Petite histoire d’une évangélisation active, où comment vos bons conseils pourraient finir par se retourner contre vous.
A force de faire la promotion du RSS comme outil ultime d’aide à la veille, à force de prôner la syndication[1] à tout prix et les usages de services comme Netvibes ou Bloglines, le blogueur moyen ne serait-il pas en train de se tirer une balle dans le pied ?
Etonnant comme question, voire iconoclaste, j’en conviens.
Et pourtant…


Décryptage (comme on dit dans les média intelligents).
Depuis 27 mois, soit la mise en place de la nouvelle et actuelle version de Presse-citron, l’audience de ce blog n’a cessé de croître, de façon régulière et soutenue, jusqu’à atteindre quelques pics au-delà des 15000 visiteurs uniques par jour au cours du premier semestre de cette année.
Cette tendance s’est stabilisée, puis a commencé à s’inverser à partir du deuxième trimestre (ce qui n’est pas incompatible avec la phrase précédente), même si l’audience remonte de nouveau de façon significative depuis quelques semaines.

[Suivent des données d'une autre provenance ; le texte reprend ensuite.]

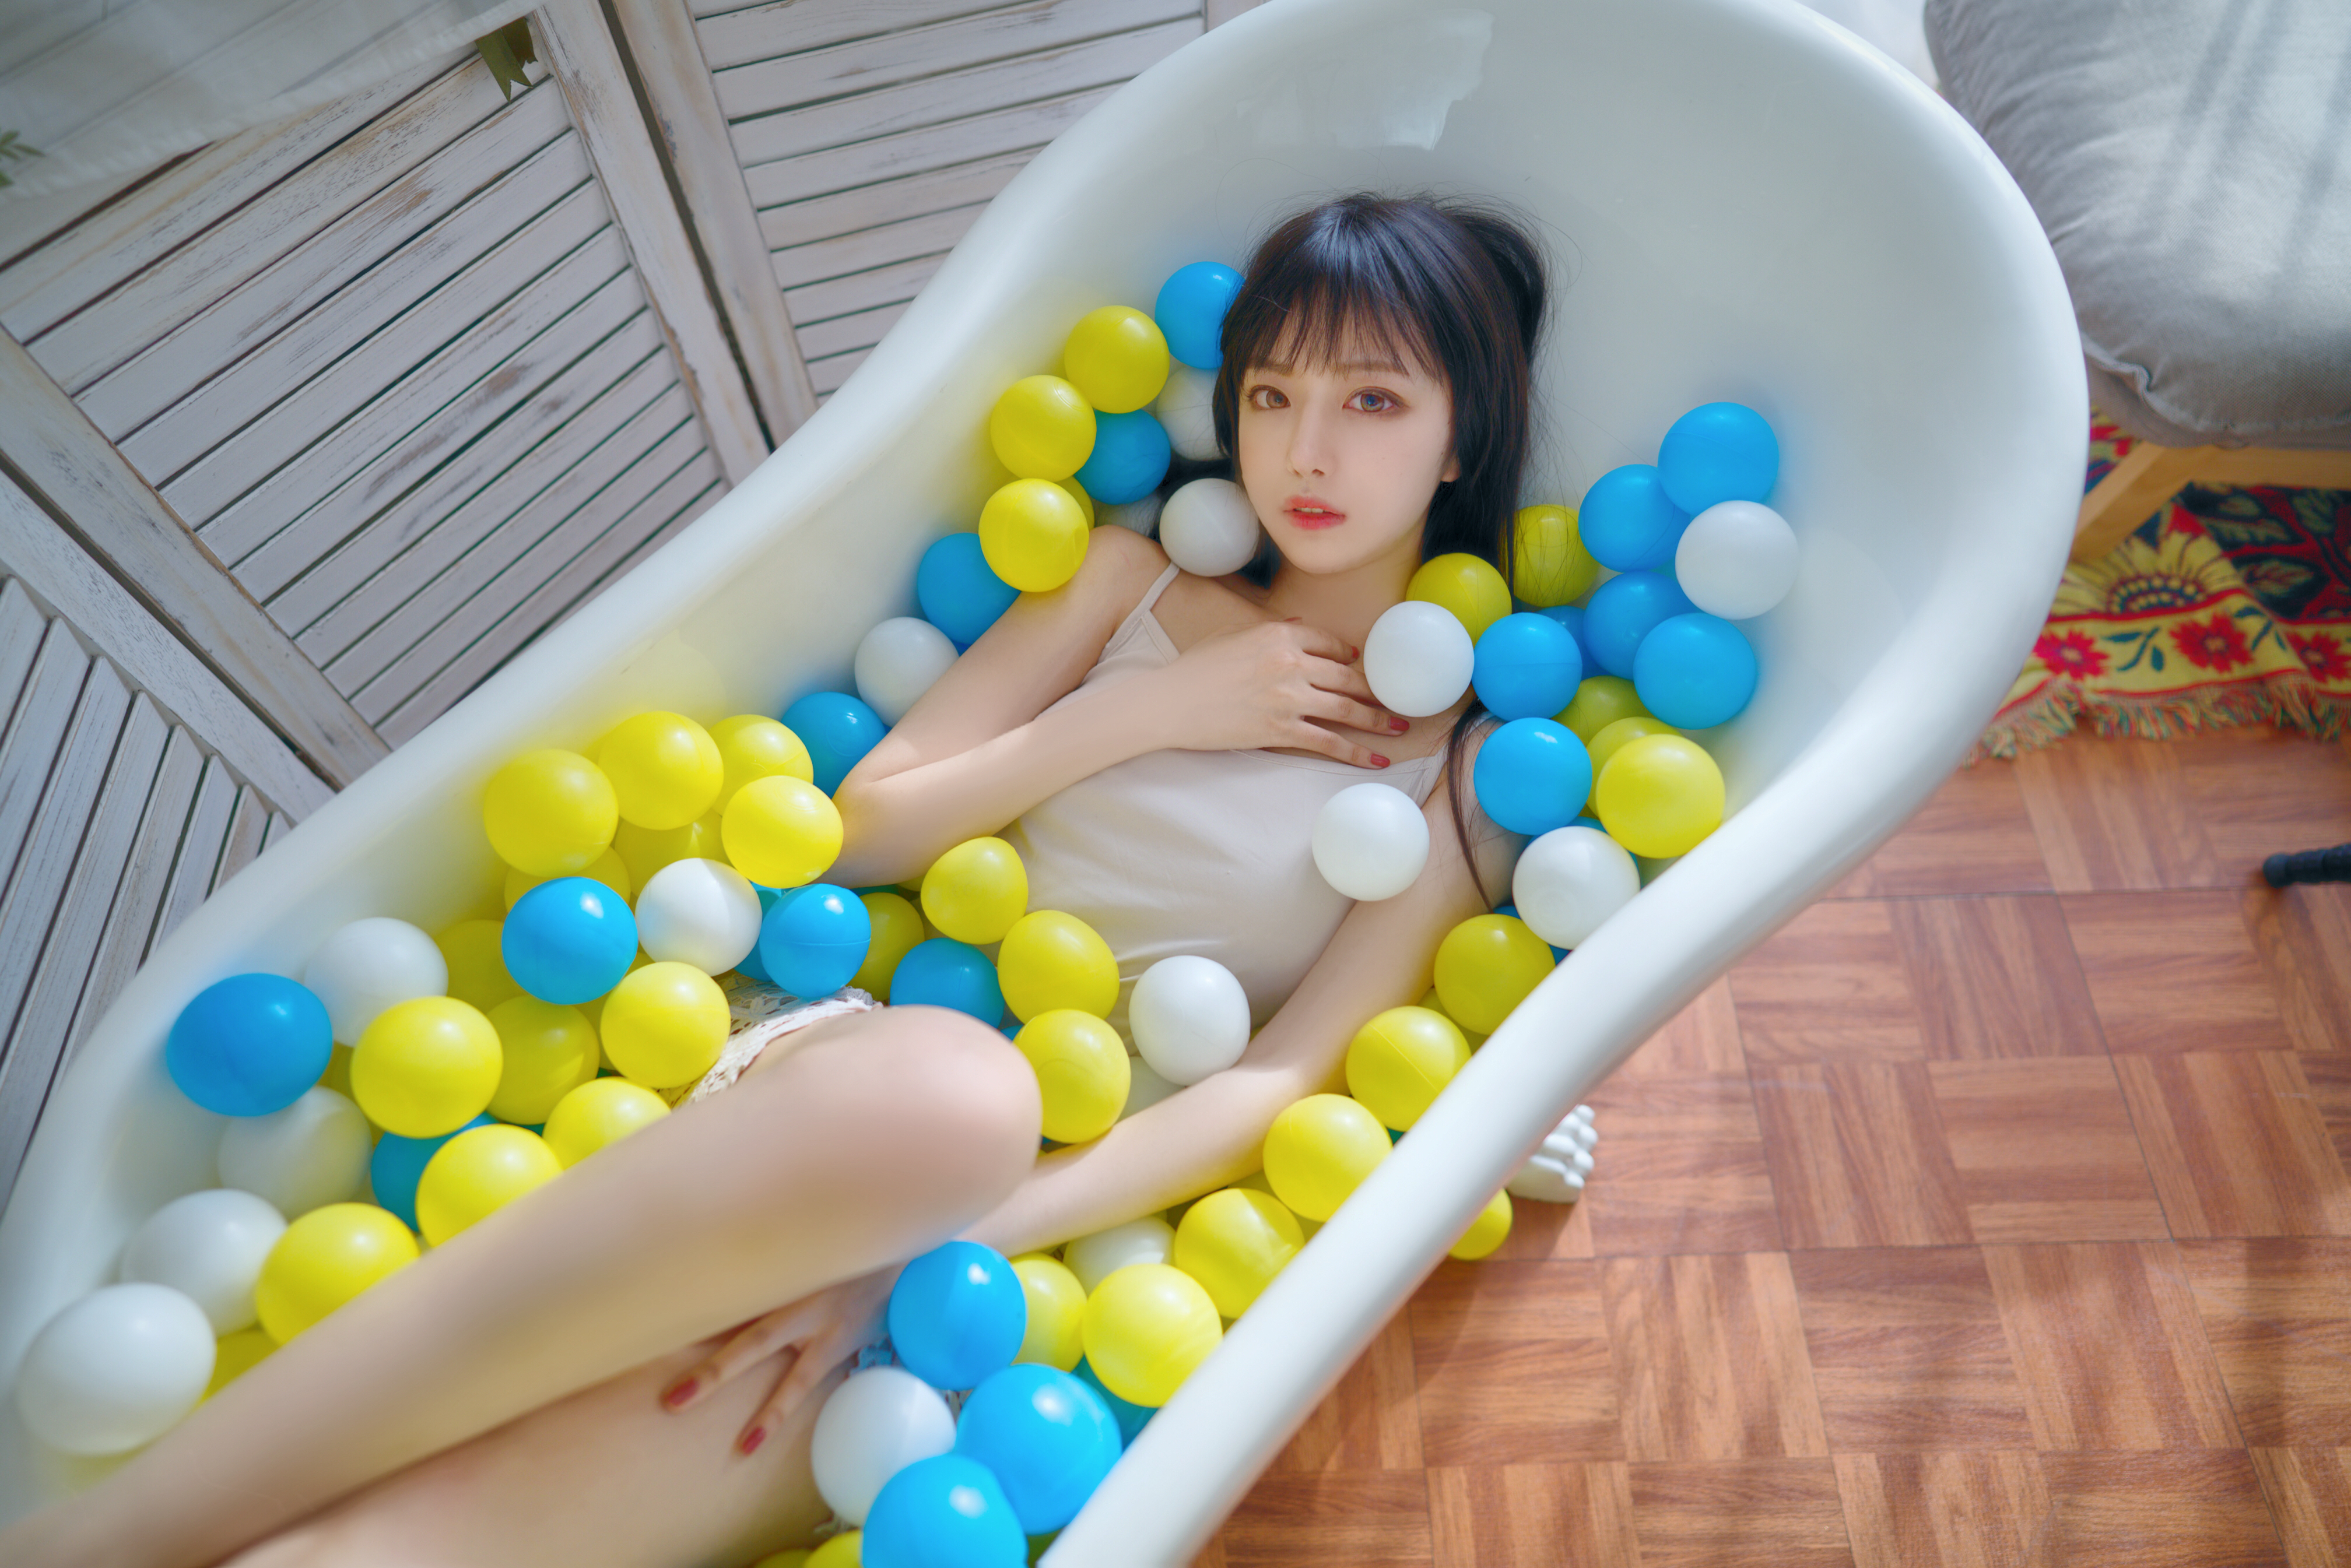 Asian In Bathtub Ball Pit Xiaolulu 4032x2690
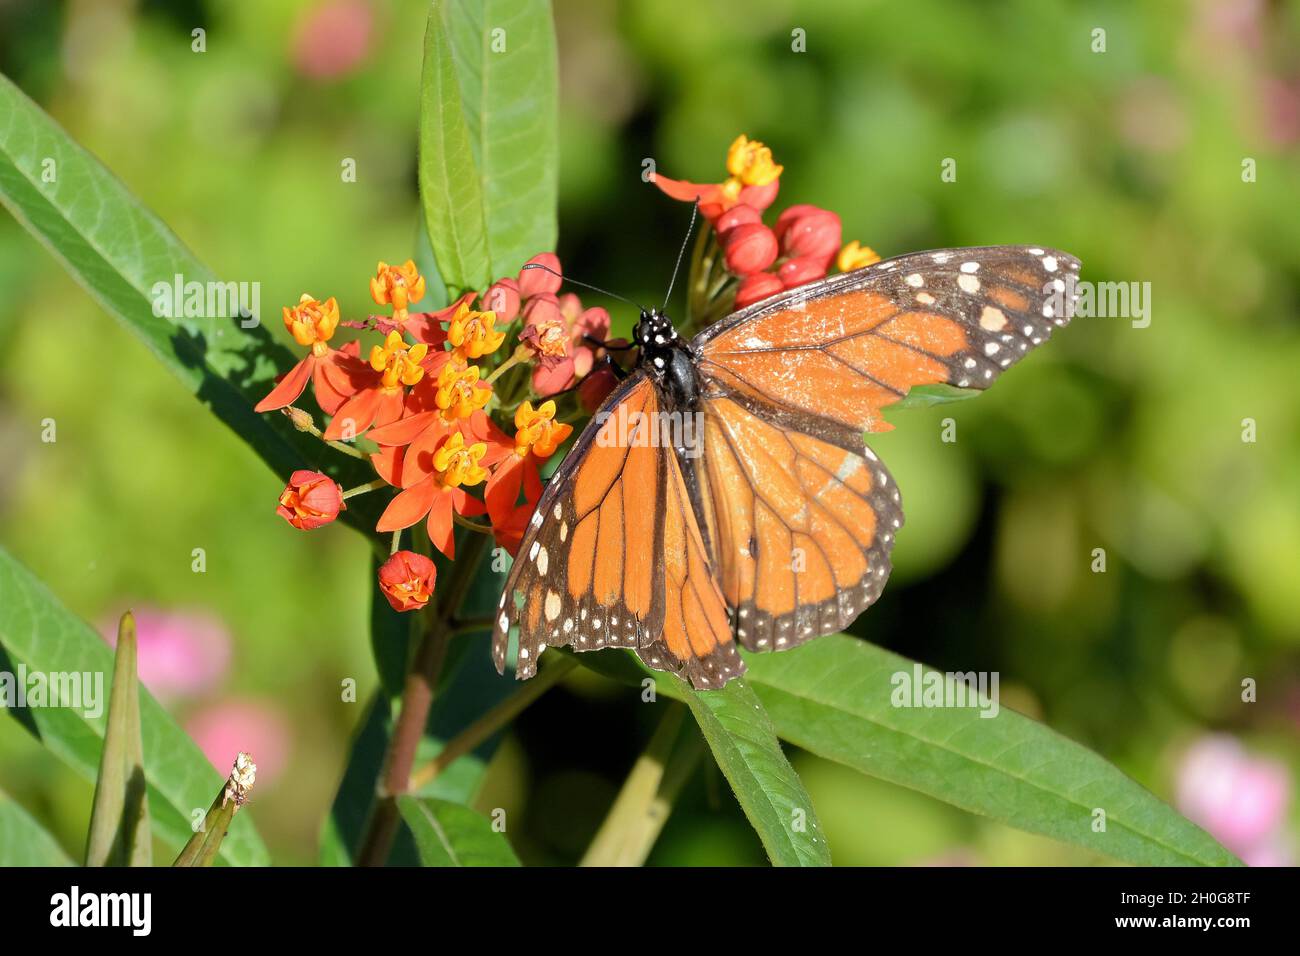 Ein Monarch Butterfly (Danaus plexippus) mit zarten Terrakotta-orangefarbenen Flügeln, die sich auf winzigen Blumen vor grünem Hintergrund ausbreiten Stockfoto
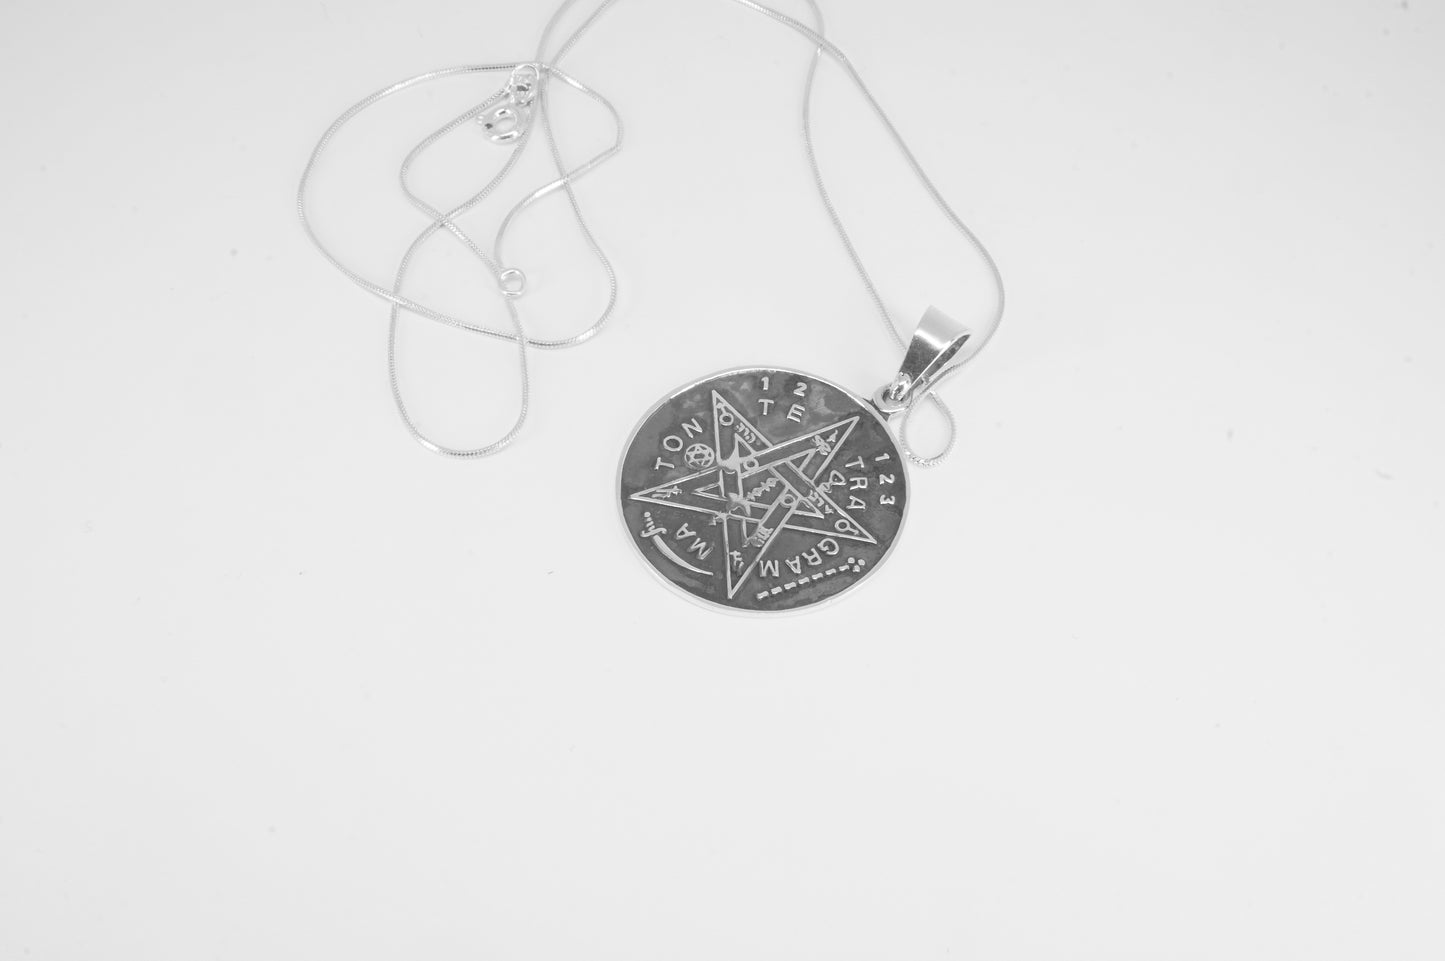 Dije de plata solida 925, Tetragramatron Sólido con cadena incluÍda
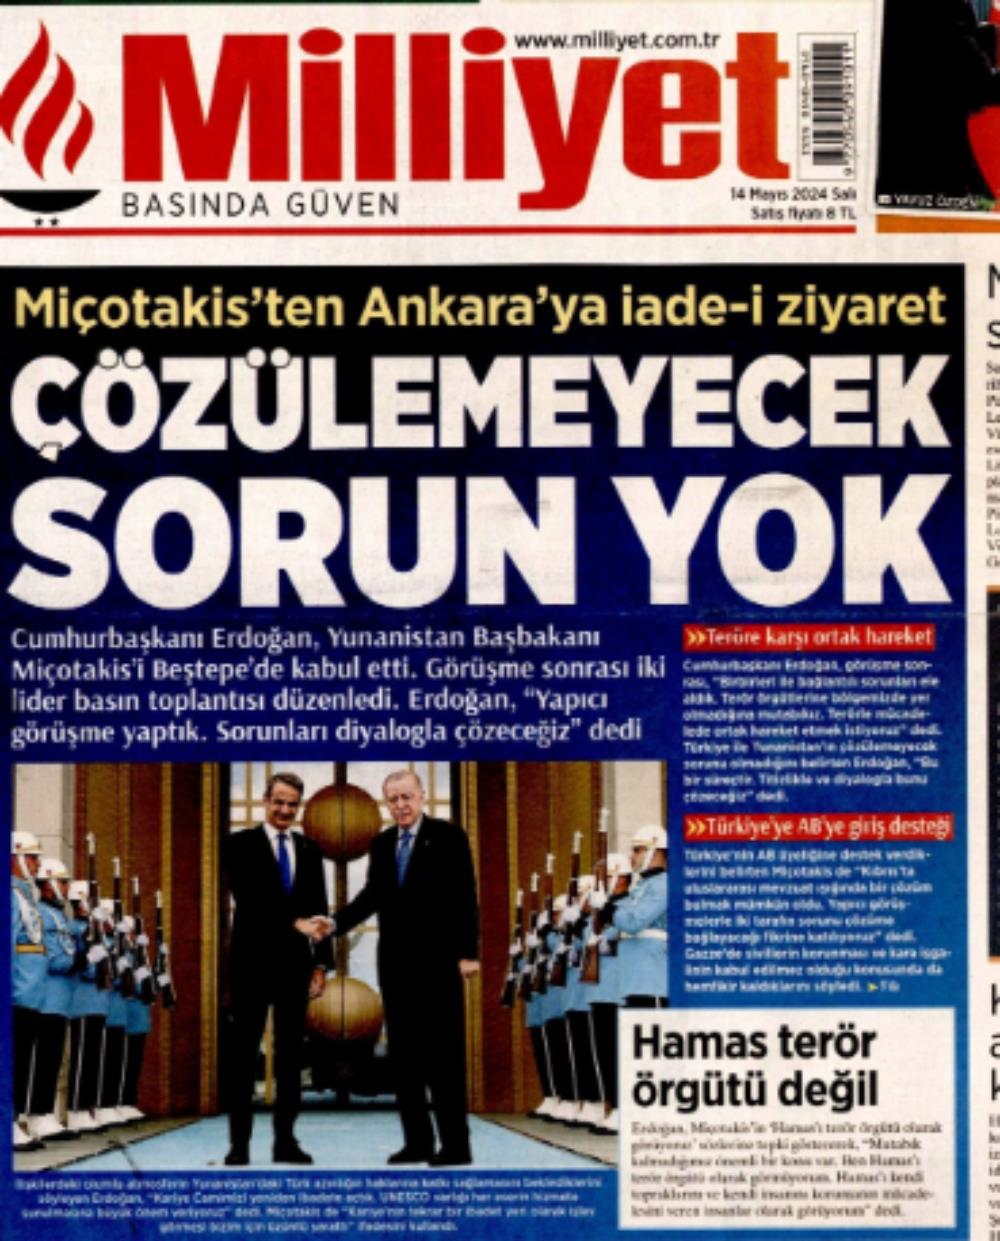 Μητσοτάκης - Ερντογάν - Συνάντηση - Πρωτοσέλιδα τουρκικών εφημερίδων

Au-delà des habituelles fluctuations de fréquentation que peut subir n’importe-quel site web, que faut-il en conclure ?
En premier lieu, que le potentiel d’audience maximal en 2007 pour un blog francophone ayant pour thématique principale les tendances du web doit se situer dans une fourchette large de 5000 à 10000 visiteurs uniques par jour, et seule une poignée de blogs peut se prévaloir de ces chiffres, parmi lesquels ceux de Fred Cavazza, Tristant Nitot, Techcrunch France, Loïc Le Meur, Fubiz (qui inaugure son nouveau design, très réussi), Emob, et bien sûr quelques autres qui j’espère ne m’en voudront pas si je ne les cite pas, sans compter bien sur votre serviteur.
Je précise bien : en 2007. Cela signifie à mes yeux que le trafic continuera probablement à augmenter, mais plus lentement.
Ou pas.

Le coeur de la question.
Il semblerait que ce qui n’était jusque-là qu’une hypothèse se confirme : sur les blogs "high-tech", le nombre de visiteurs uniques et d’abonnés RSS suivent dans un premier temps une courbe de croissance similaire. Puis, arrivé à une masse critique que je situerai aux alentours des 10000 visiteurs uniques et 10000 abonnés RSS (c’étaient à peu près les chiffres de Presse-citron au cours du deuxième trimestre 2007),  la tendance s’inverse : le nombre d’abonnés RSS continue de croître à un rythme soutenu (en tout cas si je me fie aux indicateurs Feedburner) alors que le nombre de visiteurs uniques n’évolue plus ou peu, voire diminue.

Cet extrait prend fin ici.